Sunday, March 31, 2013

What is "Good" eLearning, Anyway?

This month in Learning Solutions:

"Over the years I’ve seen a lot of lists of criteria for buying eLearning, for developing a product, and for choosing a vendor or developer. I agree we have to go in having some idea of what ‘good’ is, at least enough to keep us away from all text or bedtime-reading narration of that text, or seductive but irrelevant elements. The trick? Finding an explicit performance need, getting clear on assessments first, and sticking to a plan that helps the learner learn.”

See more at: 
http://www.learningsolutionsmag.com/articles/1115/nuts-and-bolts-what-is-good-elearning-anyway

Sunday, March 03, 2013

PowerPoint Converter for 2013


With the 2nd edition of Better Than Bullet Points: Creating Engaging eLearning with PowerPoint (updated for PowerPoint 2013) going to press in August I’ve been busy learning PowerPoint 2013 and testing out converter tools. [Disclosure: I made it known that I was working on this. Some vendors approached me asking me to test tools; I downloaded some free trials of others.] What I’ve always needed? Quick conversion, quick upload with minimal bugs, and fidelity in capturing audio, transitions and animations, including triggers.  What I need now? All of that, compatible with PowerPoint 2013, and with reliable conversion to both Flash and HTML5.  And, with Microsoft’s unfortunate decision to take the Sound Editor out of Windows, I hoped for a product that included an audio editor, thereby keeping me to just two tools (PowerPoint and the converter tool) rather than three or more.

I looked at several products and found overall I was very happy with the iSpring Suite 6.2 and still-in-beta iSpring Pro 7. http://www.ispringsolutions.com .  I gave it quite a workout and consistently got the fast, smooth conversions I was after without once having to go play with manifest files or otherwise do any debugging.  Conversion of even big slide shows with lots of images, animation and audio is very fast. I don’t make heavy use of video but did try conversions with several video clips in assorted formats and got good results. Here's the iSpring Suite toolbar: 



The player is highly customizable.  I never need 1/10 of what most products offer so it did everything I wanted although I admit to not pushing it very hard. I especially liked the ease of making choices:  unlike some other products, there aren’t a lot of default settings that are difficult to override. 


Publishing is a one-click to web, cd or LMS, and everything ran the first time, every time. I was pleased with the audio recording and editing tools and allow that it is much better than the minimal functiontonality provided by the old Windows Sound Editor.
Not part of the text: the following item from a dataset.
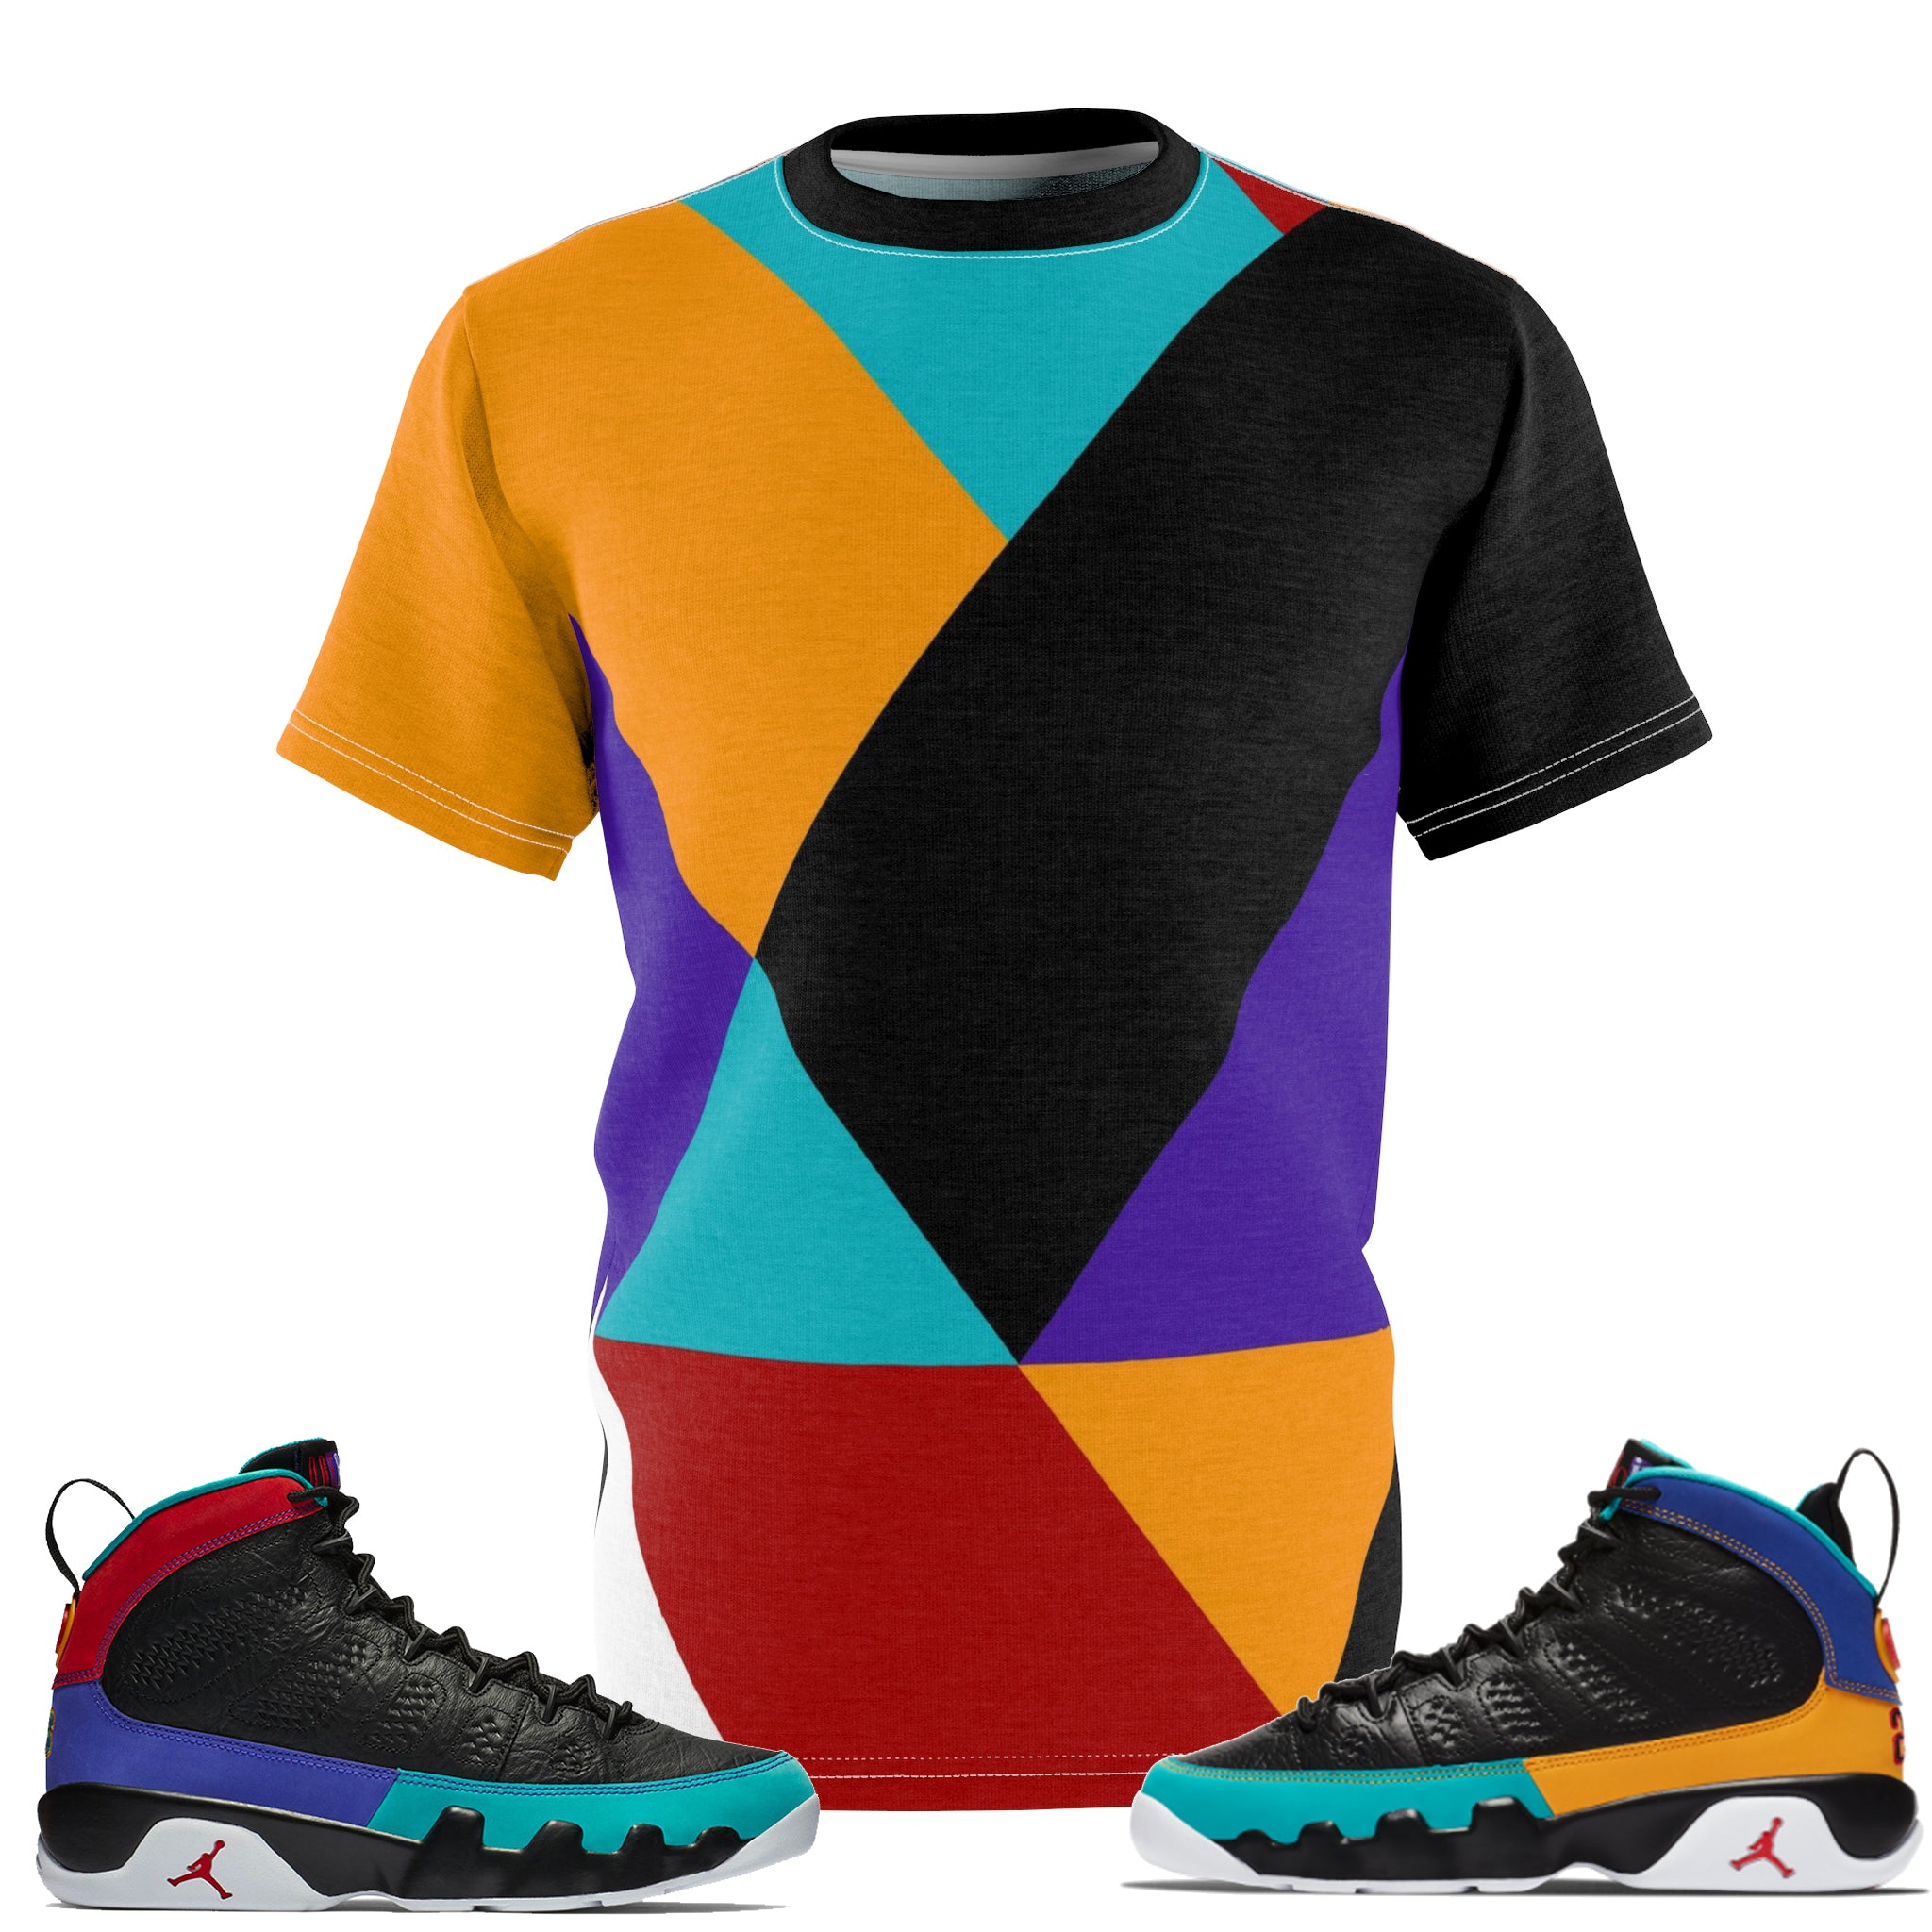 Shirt to Match Jordan 9 Dream It Do It Sneaker Colorway Blocked NowServingShirts

While I’m not looking for much in the way of “authoring” outside of PowerPoint itself, the iSpring suite includes the Quizmaker and the Kinetics interaction tools so I did take them for a spin.  The Quizmaker provides options to create graded items such as multiple choice, matching, hotspot, and even text entry, or ungraded survey-style quizzes.  The Kinetics tool is limited but offers a few interactions, such as one for creating a page-flip appearance, a FAQs creator, and a nice little timeline builder (period, event, that sort of thing)  that would be tedious to build from scratch in PowerPoint. 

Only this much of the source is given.